Task item
Print the data below exactly as it stands, and keep the pictures out.

Material provided
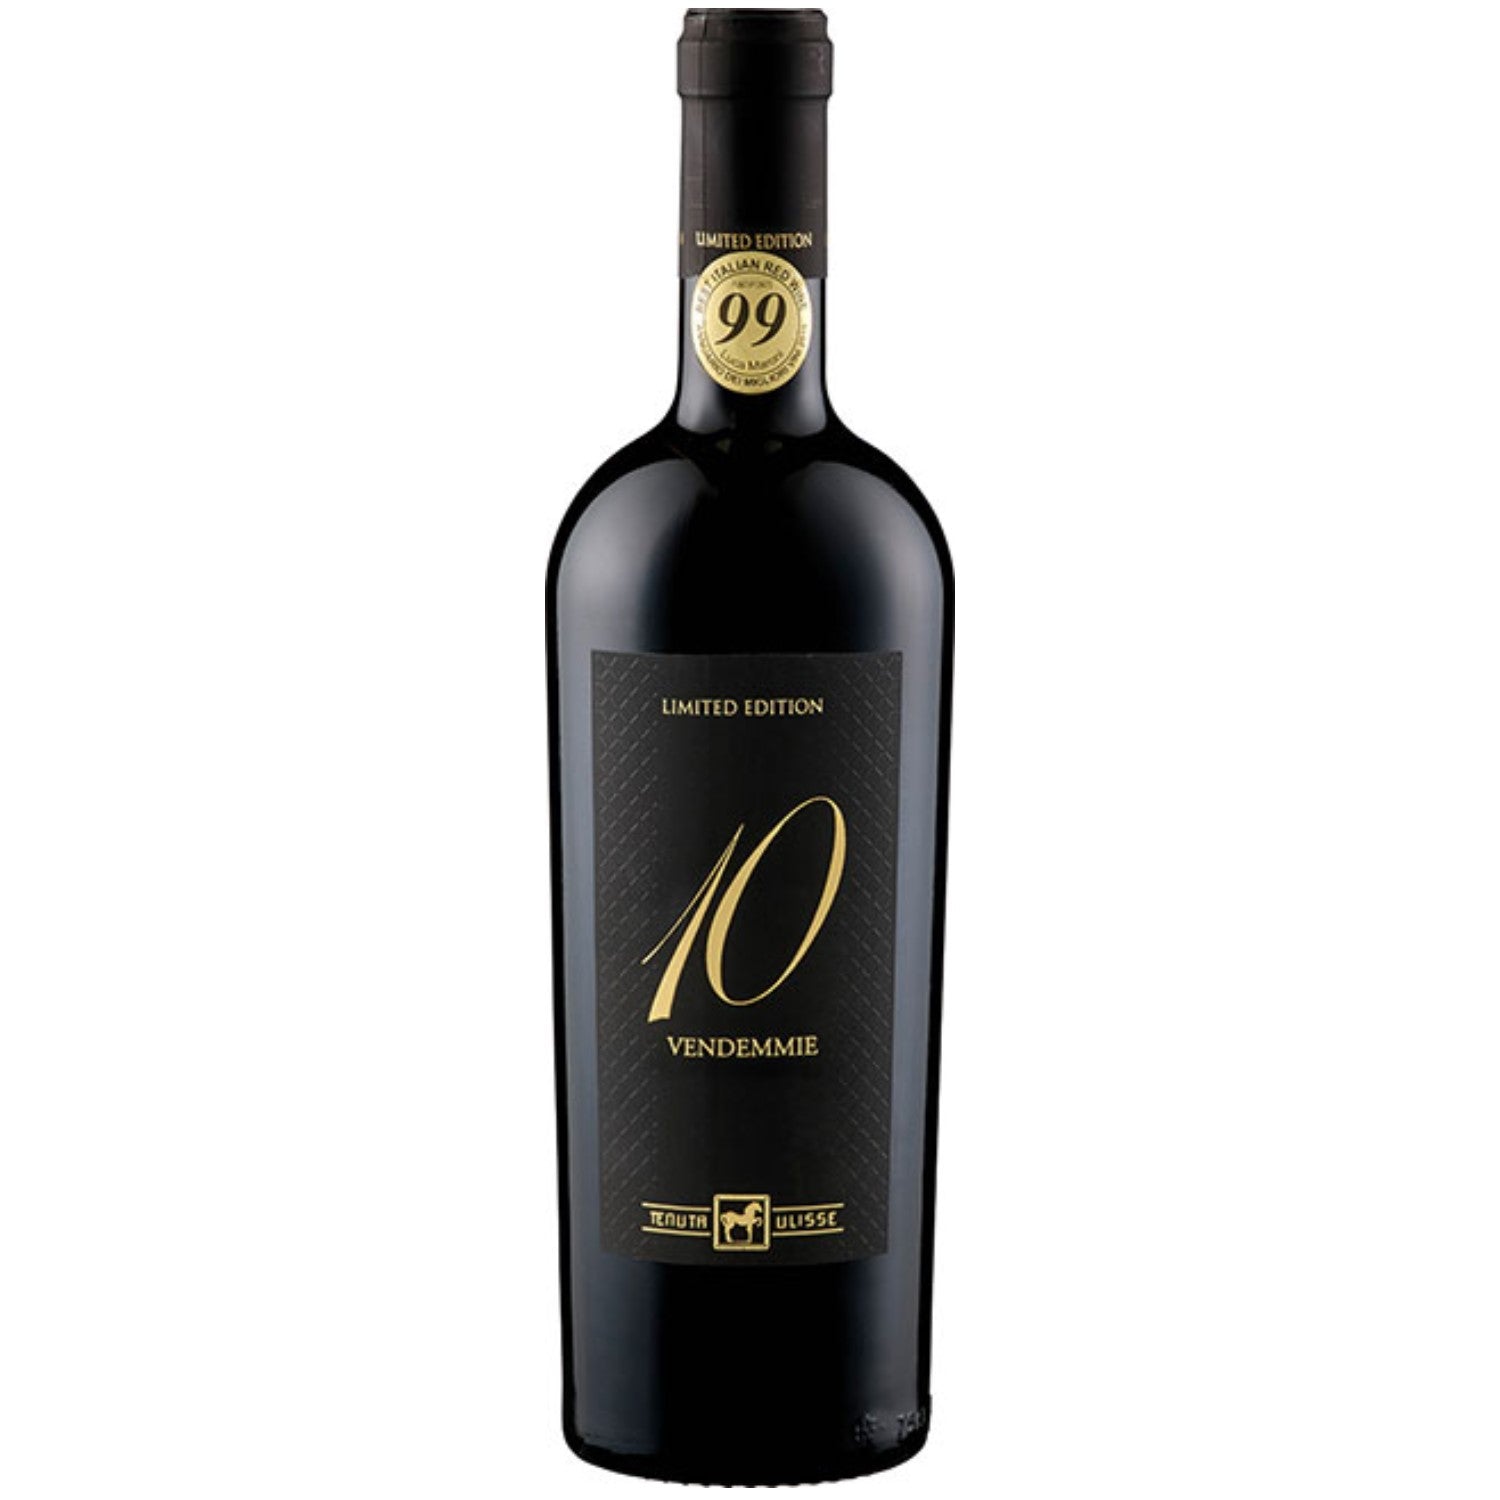 Tenuta Ulisse DIECI VENDEMMIE NV Montepulciano d'Abruzzo Rotwein Wein Halbtrocken Italien (12 x 0.75l) - Versanel -
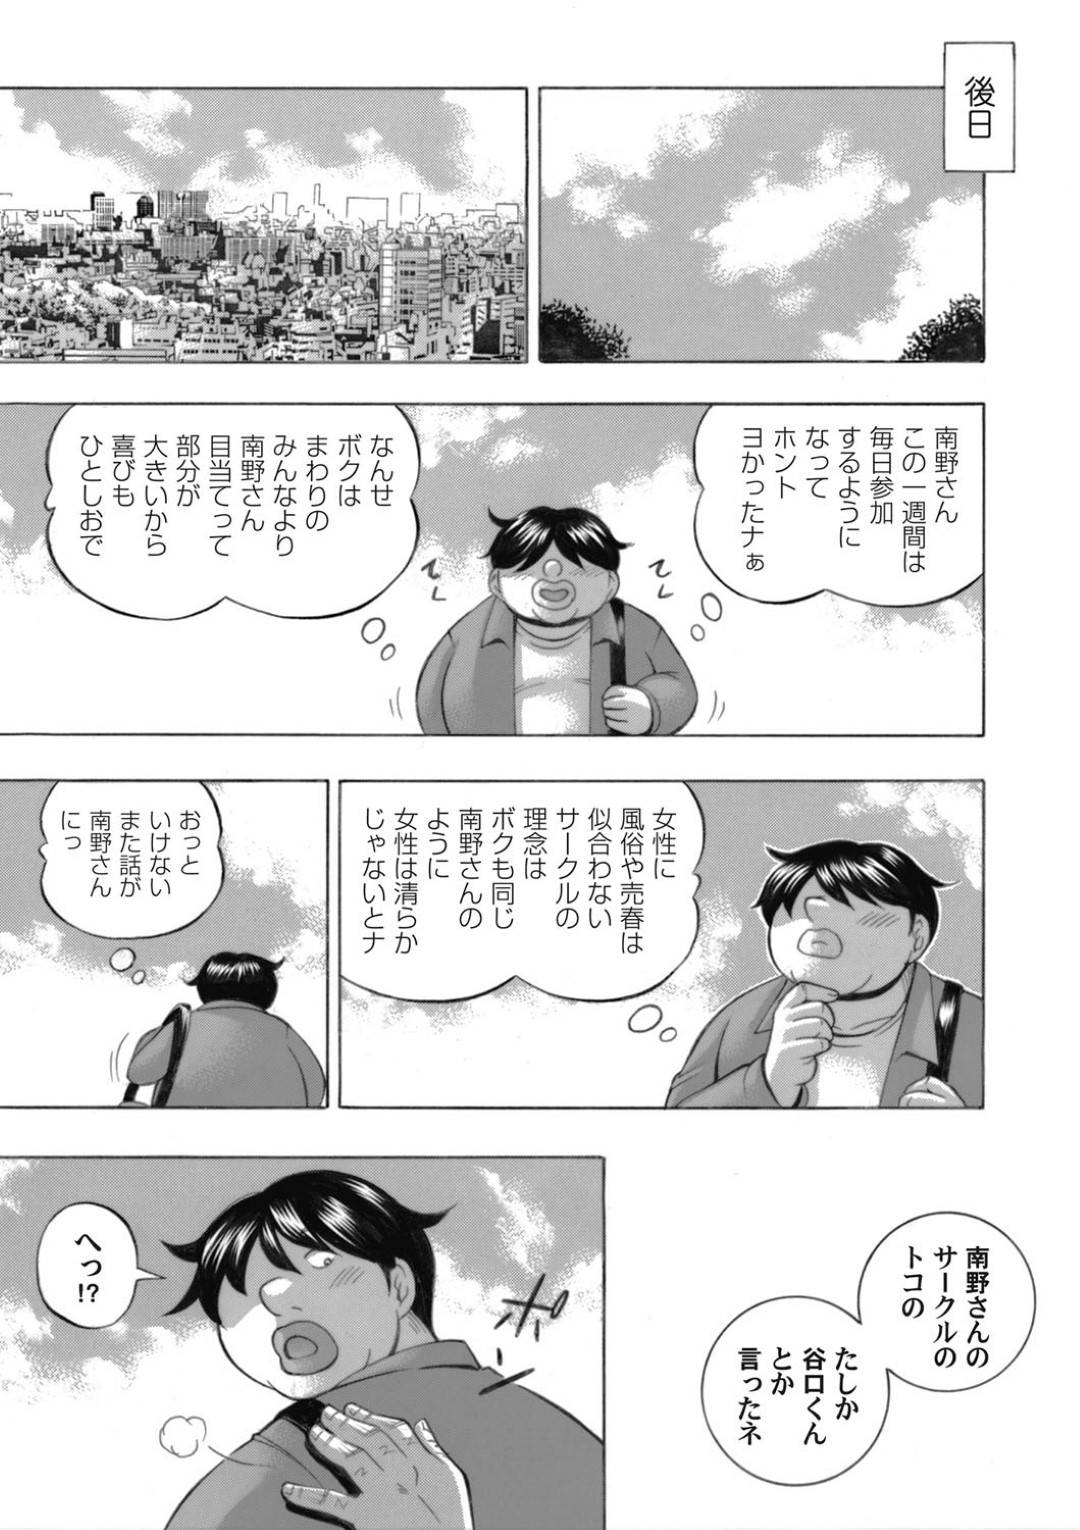 【エロ漫画】サークル内で内通者がいると話になり疑われそうになった裕香は、市長に会うのをしばらく辞めたいと告げると・・・【中華なると】
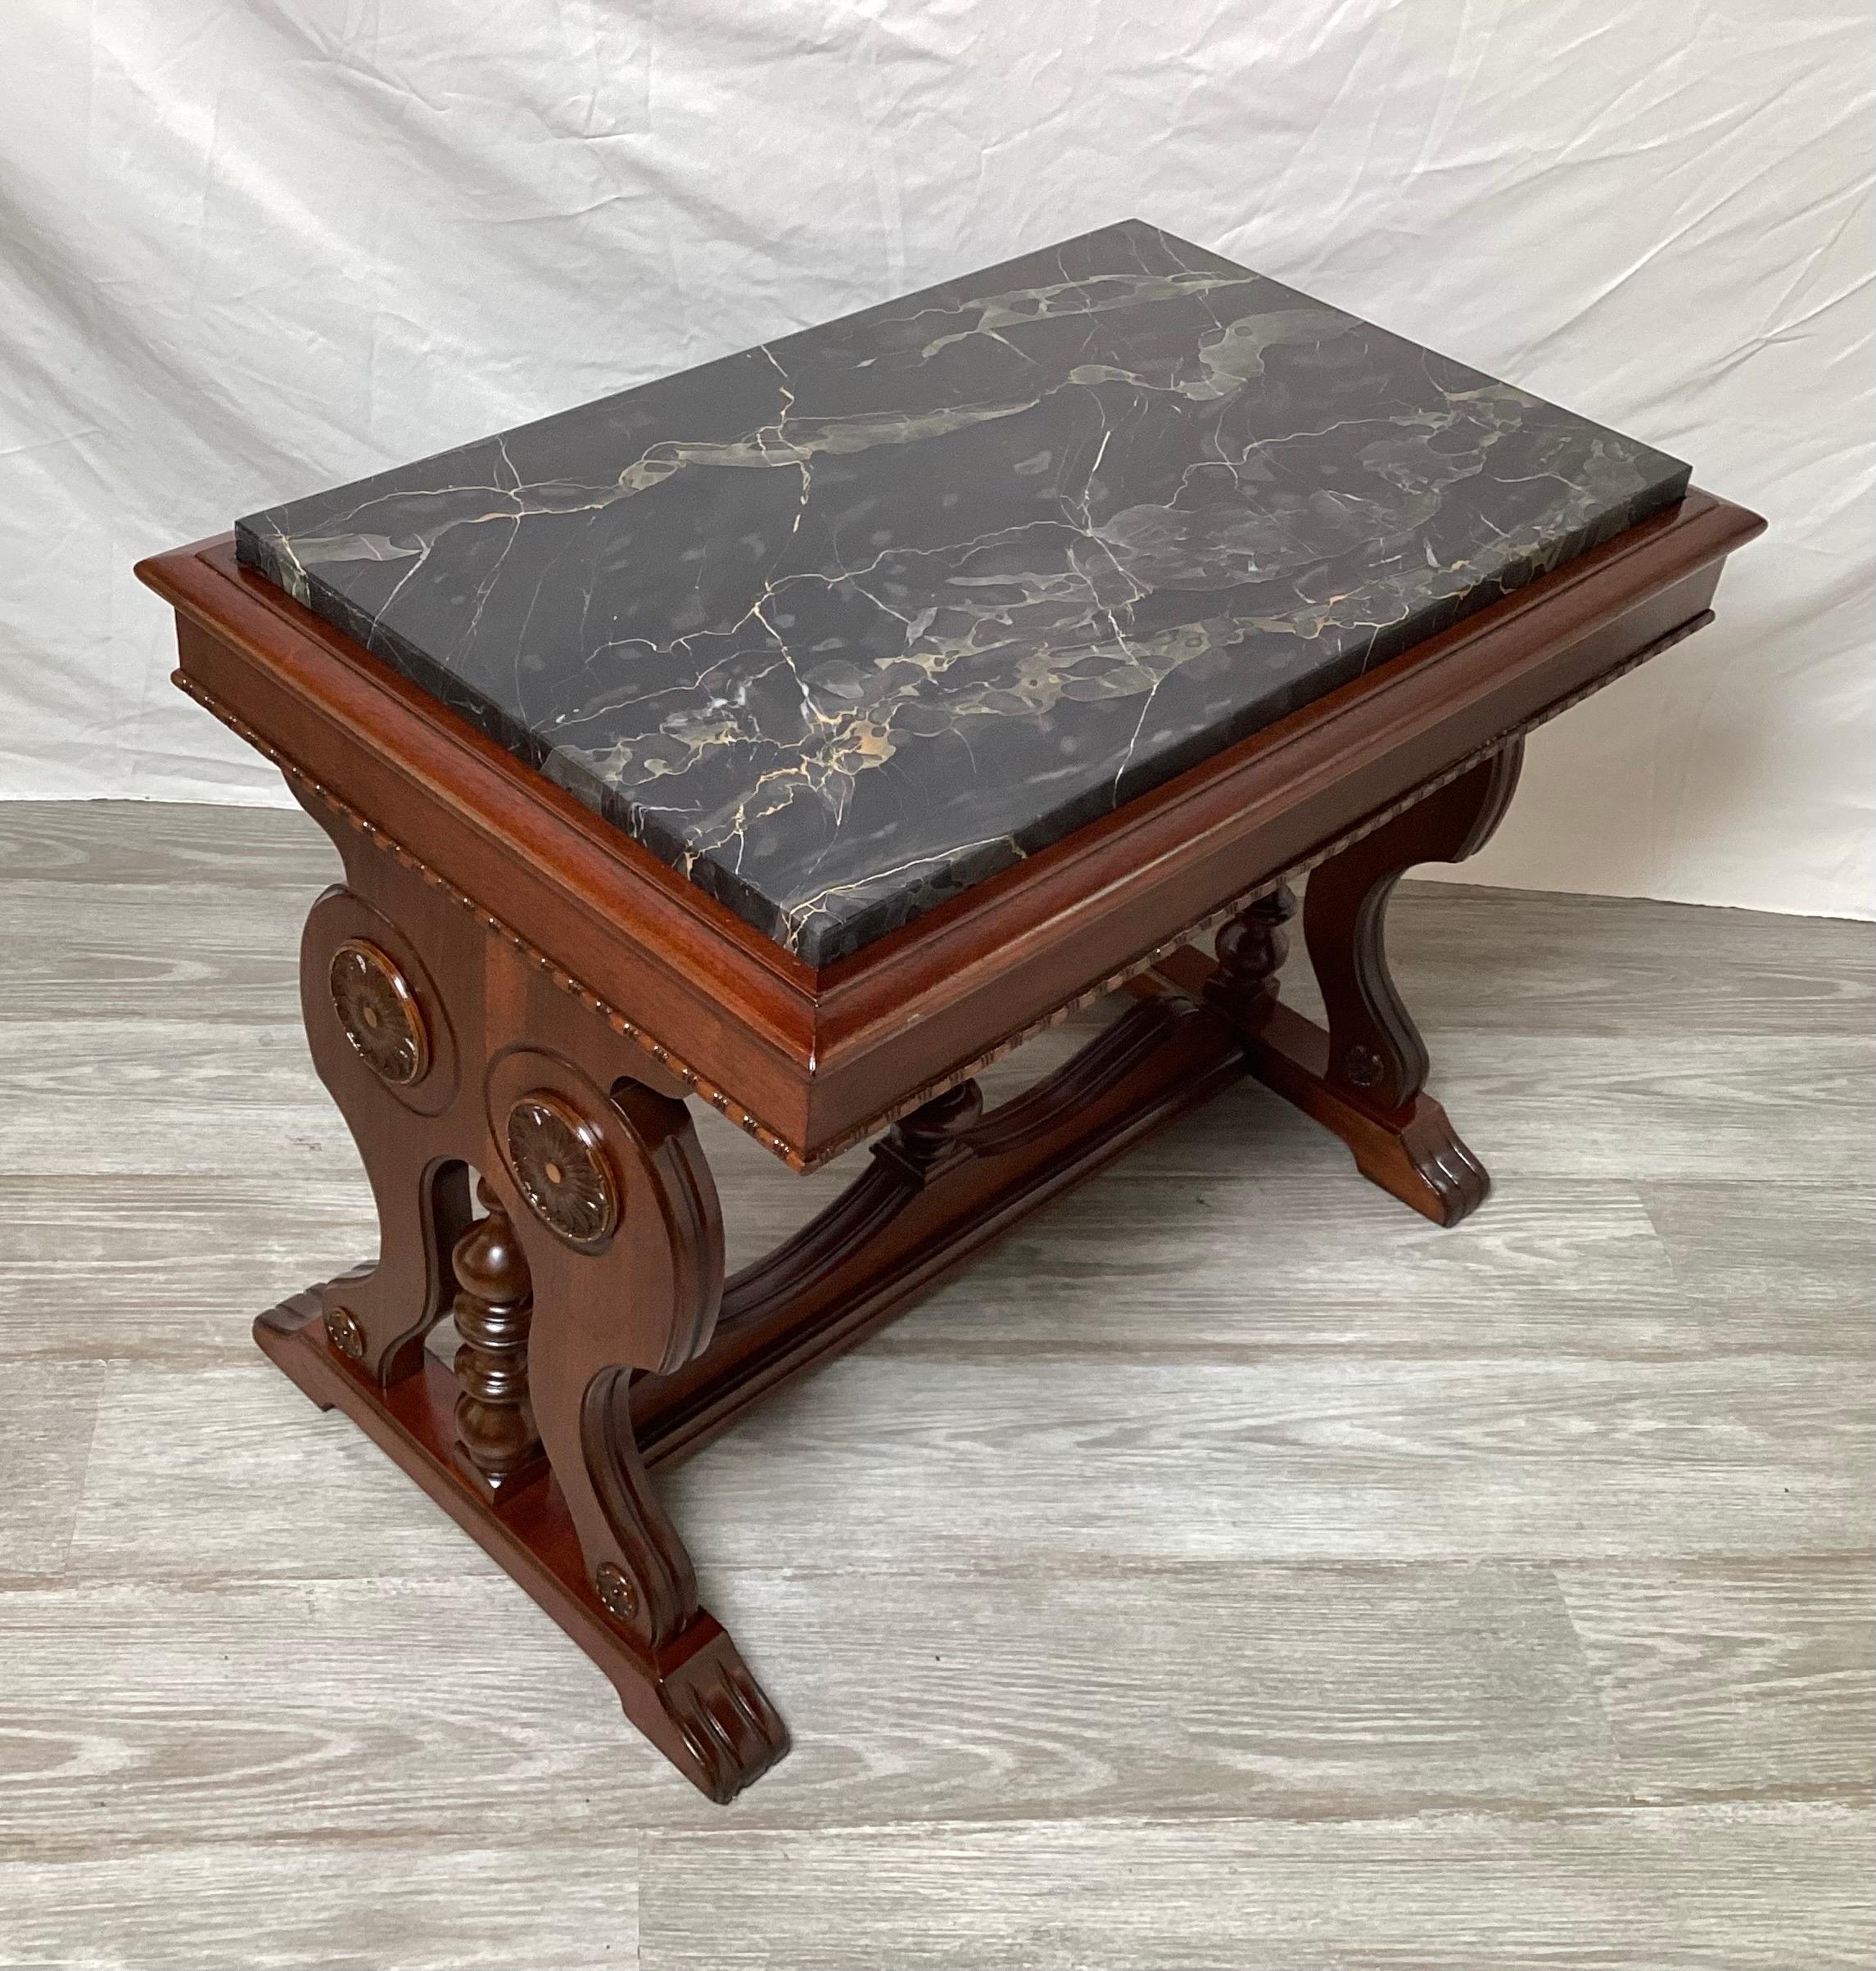 Wunderschön geschnitzter Nussbaumtisch mit schwarzer Marmorplatte. Die schildförmigen Seiten mit geschnitzten Medaillons und eingelassener Marmorplatte.

Reply to the exercise
 Tenuta Ulisse DIECI VENDEMMIE NV Montepulciano d'Abruzzo Rotwein Wein Halbtrocken Italien (12 x 0.75l) - Versanel -
 【エロ漫画】サークル内で内通者がいると話になり疑われそうになった裕香は、市長に会うのをしばらく辞めたいと告げると・・・【中華なると】
 Wunderschön geschnitzter Nussbaumtisch mit schwarzer Marmorplatte. Die schildförmigen Seiten mit geschnitzten Medaillons und eingelassener Marmorplatte.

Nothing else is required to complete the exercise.